The reason is that the metal of which the SRR is composed
starts to strongly deviate from an ideal conductor. Further-
more, the combination of these SRRs with metal wires to form
3D structure is very challenging on the nanometer scale. Thus,
there was a hunt for alternative designs for higher frequencies,
such as pairs of metal wires or ‘‘double-fishnet’’ structures
separated by a dielectric spacer.[13,14] These structures
decreased the complexity of the structural cell and simplified
the fabrication process to a certain degree. Grigoreko[15]
fabricated antisymmetric pillar pairs with a height of 80 nm by
using high-resolution electron-beam lithography, and achieved
magnetic resonance at 500 nm. Dolling[16] fabricated silver
‘‘double-fishnet’’ structures with a 100 nm minimum feature
size using standard electron-beam lithography, and obtained
negative refraction at 780 nm. These studies approved the
principle of LHMs at higher frequencies, and promoted the
rapid development of LHMs at IR and visible light frequencies.
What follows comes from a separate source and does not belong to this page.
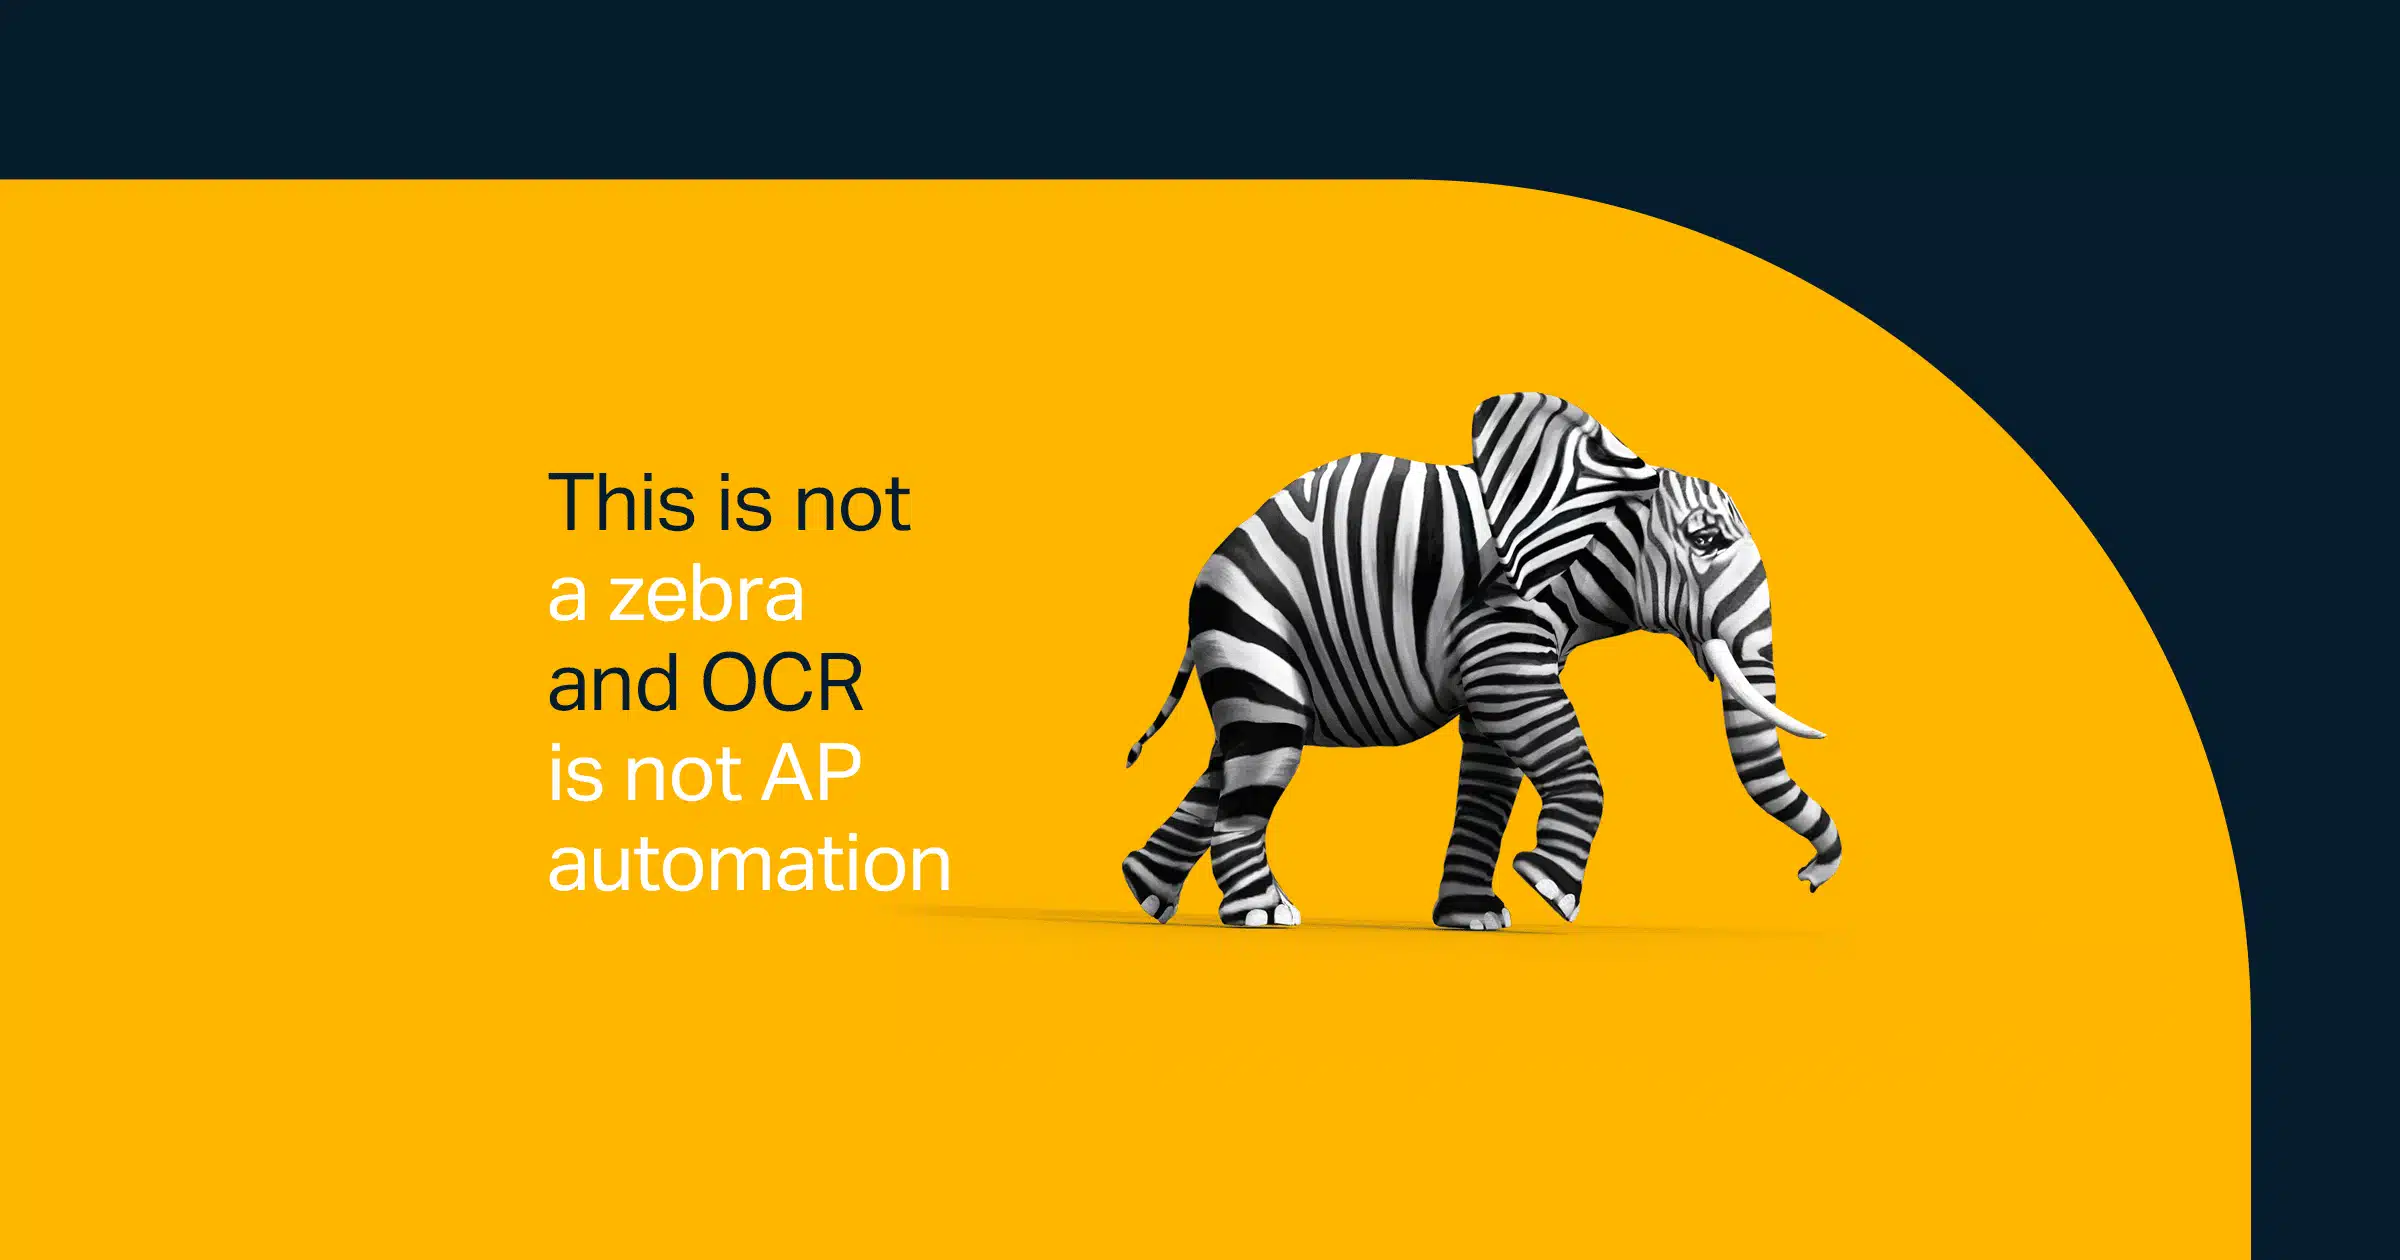 An OCR-enhanced zebra featuring the phrase this is not a cdc or ap automation.

However, these top-down approaches based on physical
lithography require large apparatus, and the fabrication
process is complicated and expensive. Additionally,
as-prepared samples fabricated using these approaches are
only about 100mm2, and it is fairly difficult to obtain samples of
larger areas. All of the restrictions mentioned above
tremendously limited the extensive study and applications of
LHMs at IR and visible light frequencies.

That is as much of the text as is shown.